More than 160,000 artifacts have gone missing from Russian museums, according to an inventory ordered by President Vladimir Putin and released on Tuesday.

"The main thing we have found is that over the past 80 years, 160,000 items have gone missing," first deputy Prime Minister Dmitry Medvedev said in comments on Russian television.

The Hermitage Museum in St. Petersburg lost more than 200 works valued at $5 million US in total, prompting an investigation of museum inventory throughout Russia.The Hermitage Museum in St. Petersburg lost more than 200 works valued at $5 million US in total, prompting an investigation of museum inventory throughout Russia.
(Dmitry Lovetsky/Associated Press)

Checks were conducted in 500 federal, regional and municipal museums in the first half of 2007.

"The situation is very alarming. We have probed 500 museums with 20 million items. That is one quarter of the country's total museum collection," he said.

Russia launched an investigation after artifacts valued at $5 million US were discovered to have been taken from the famed Hermitage Museum in St. Petersburg.

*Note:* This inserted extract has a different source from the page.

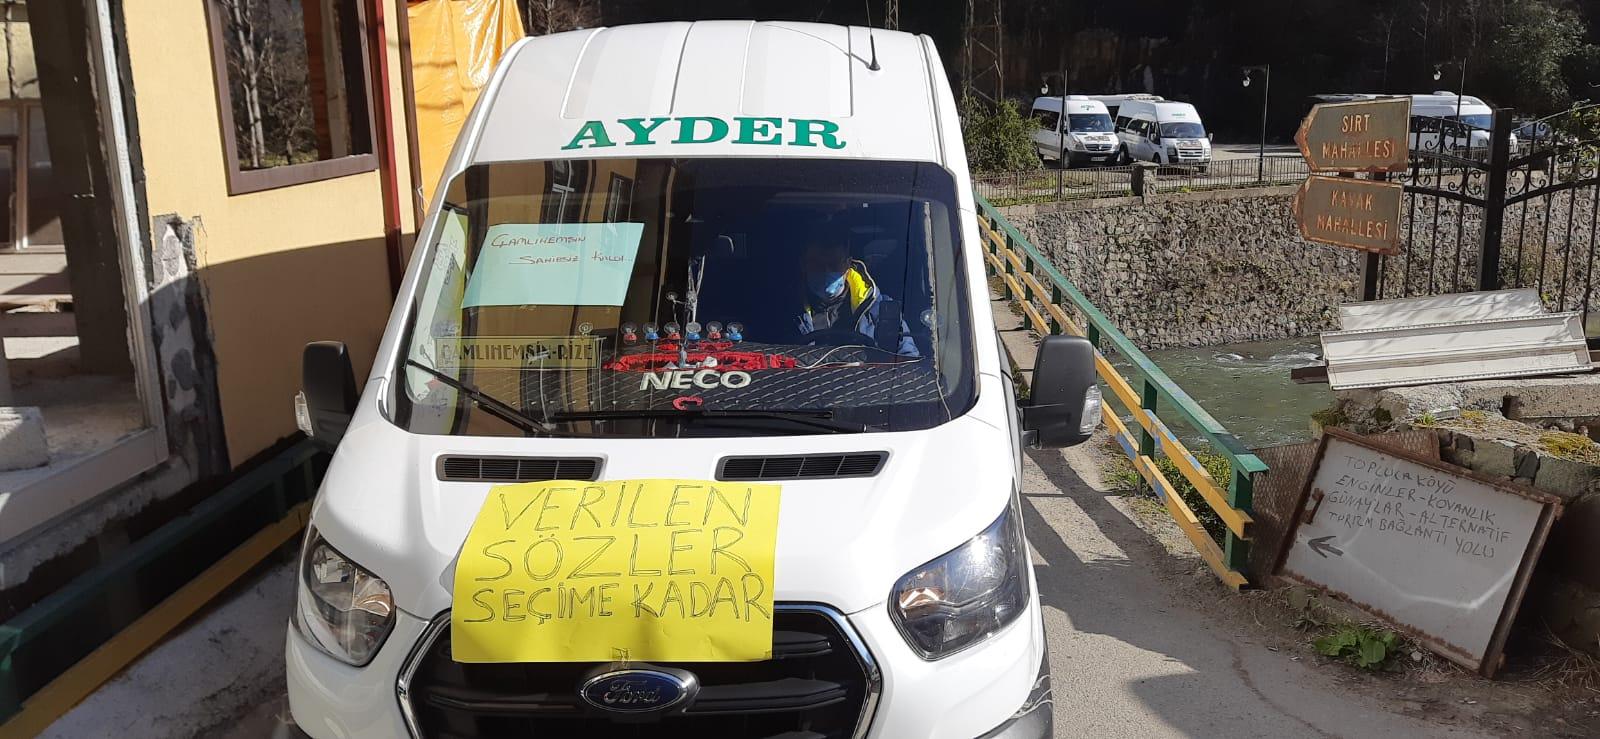 Ayder'de Minibüsçüler Kontak Kapattı Korsan Taşımacılığı Protesto Etti

A long-serving curator at the Hermitage, who died of a heart attack while an inventory was underway at the museum, was behind the thefts.

Her husband, Nikolai Zavadsky, who pleaded guilty to the thefts, said he had pawned the items for cash to buy insulin for his diabetic wife Larissa. The pair had stolen more than 200 silver and enamel artifacts.

The case highlighted how poorly guarded were Russia's national treasures, especially when those working in the museum sector were so underpaid.

State funding for museums dried up after the 1991 fall of the Soviet Union. Staff were offered huge sums for artifacts by criminal groups who specialize in the export of stolen art works to lucrative art markets in Europe, Asia and North America.

Medvedev recommended wrapping up the investigation, even in cases where it is unknown where the art has gone, and concentrating on addressing the problems of Russia's museums.

Many museums need extensive repairs and the commission is also discussing better security.